How the Independent Movement Went Left By Going Right
By Miryam Ehrlich Williamson
Over at The Hankster (named for its originator, Nancy Hanks, and a leading online voice of independent political thought), there’s a great article by Jacqueline Salit, executive editor of The Neo-Independent on the contribution of independent voters to Barack Obama’s election. The title itself is intruiging:
If you’re into electoral politics, you want to read it. The two “major” parties need to understand the significance of independents in the process of choosing our leaders. It’s easy to discount independents’ role role and seriousness of purpose, given past support of people like Ralph Nader and Ross Perot among others in past years. But we need to recognize that support for these candidates was in large measure symptomatic of discomfort with the status quo more than an endorsement of the candidates themselves.
You know I have another, minimally political, view of Barack’s astounding success. But that doesn’t detract from the influence of independents, or the statistics that Salit cites in her article. We’re just viewing the phenomenon through different glasses.

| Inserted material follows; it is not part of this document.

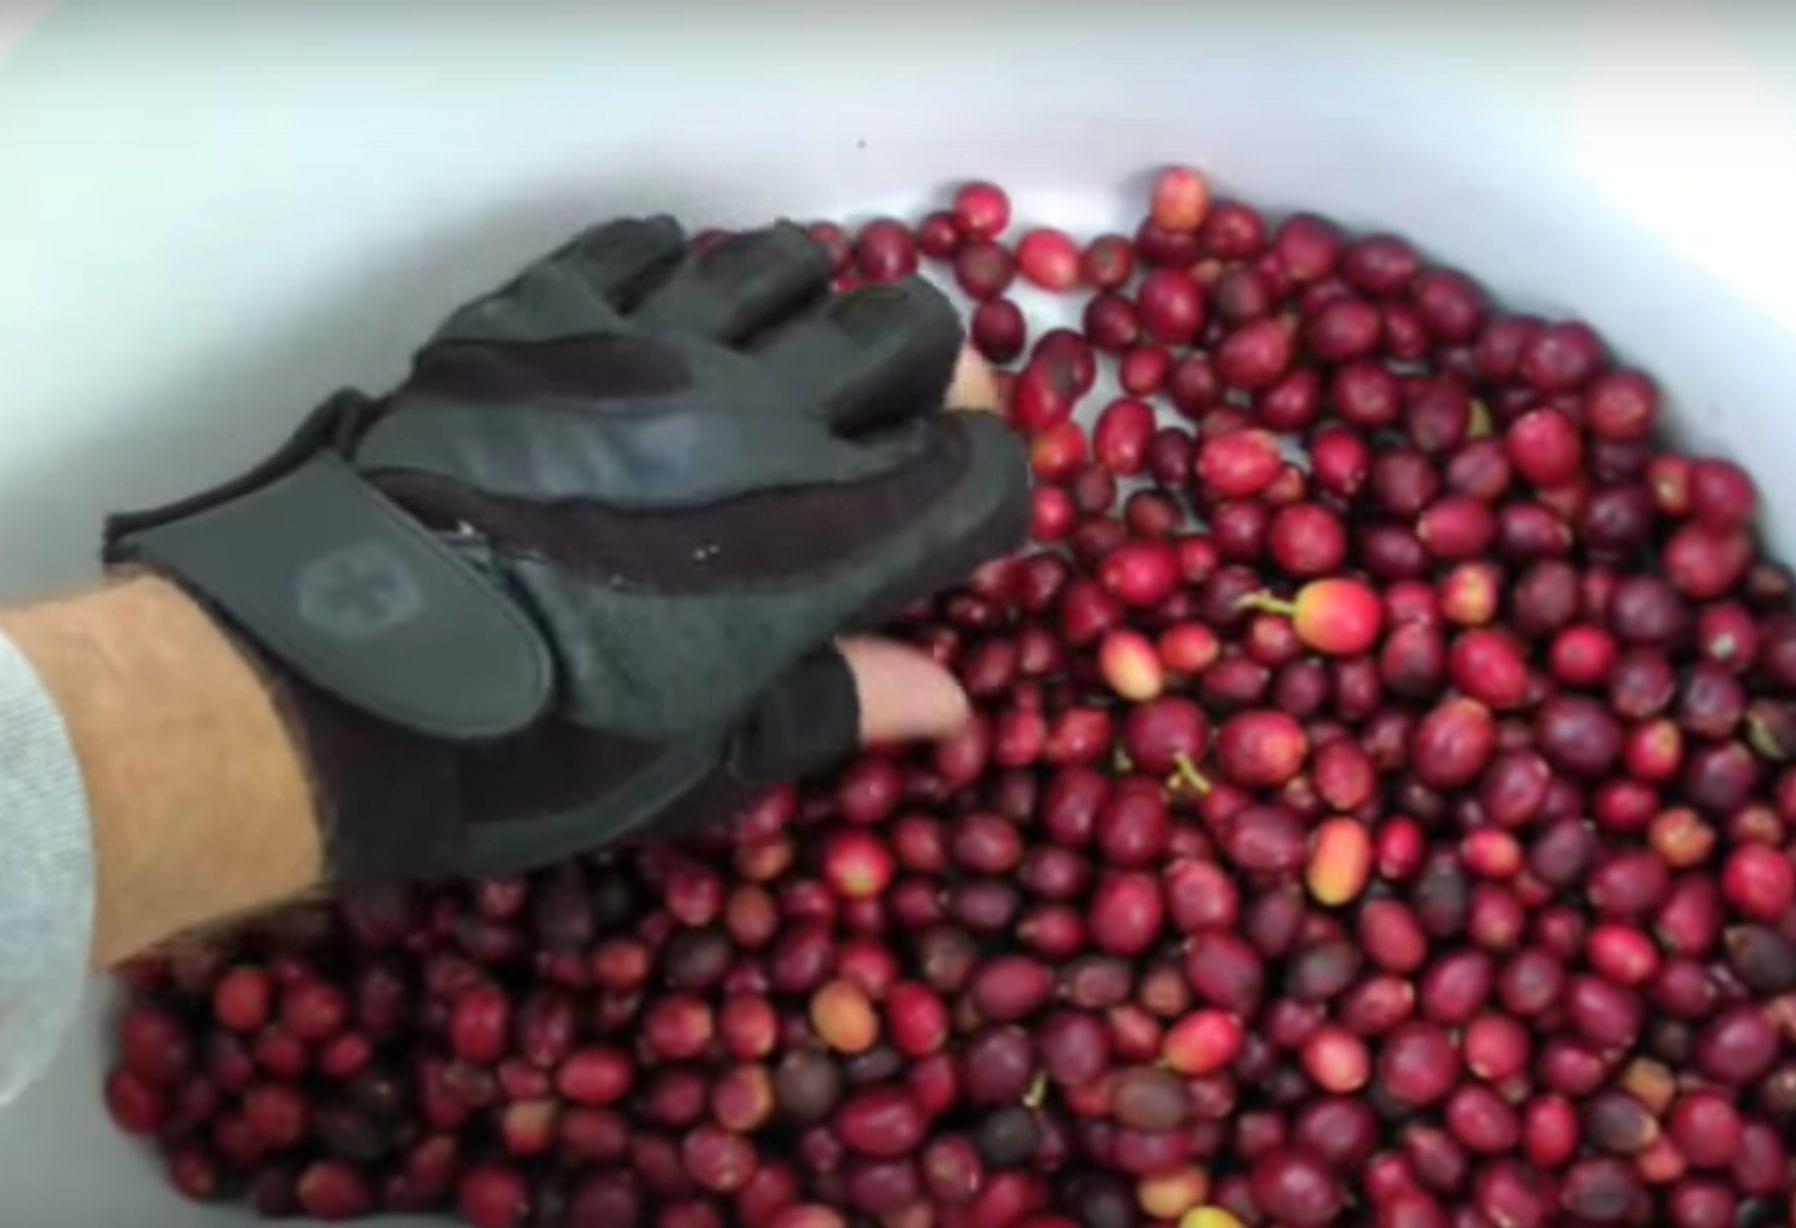 picking ripe coffee cherries

In the article, Salit talks about bipartisanship meaning more than just dealing with Republicans and Democracs. She wants independents brought into Obama’s consultations, too.

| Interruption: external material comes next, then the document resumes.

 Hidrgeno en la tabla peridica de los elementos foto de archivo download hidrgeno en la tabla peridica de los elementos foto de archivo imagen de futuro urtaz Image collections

I thought about Russ Ouellette in New Hampshire, who sat across the table from Obama just weeks before the New Hampshire primary. In a dialogue about nonpartisan government, with TV cameras recording the conversation, Obama said: “If there’s a Republican out there who is the best person for any particular Cabinet position or any administrative agency that’s going to make a difference, then I will make that appointment.” Russ replied, “That’s great. But I don’t think being independent means just reaching across to Republicans.” And Obama replied, “Well, that includes independents. I mean, independents even better.”
The likelihood that Obama will find a true independent to serve in his administration is smaller than small. It’s not because he’s uninterested in reaching out, but because, unless your name is Ralph Nader (who polled 0.56% of the popular vote last November) independence doesn’t give you an opportunity to get noticed among the rest of the 131 million of us who voted, or even the six million (some of them actual independents) who got involved in the Obama campaign.
In this country, it’s almost always running for office as a Democrat or Republican that gets you noticed. The outstanding exception is Bernie Sanders, Vermont’s socialist Senator, who runs as an independent (and votes with the Democratic caucus. Who else could a socialist vote with?)
This fact of life in our two-party system is something the independent movement must deal with, as must the rest of us, because we’re missing some valuable input. And that raises a quesion: If you run as a candidate of the Independent movement, are you still independent?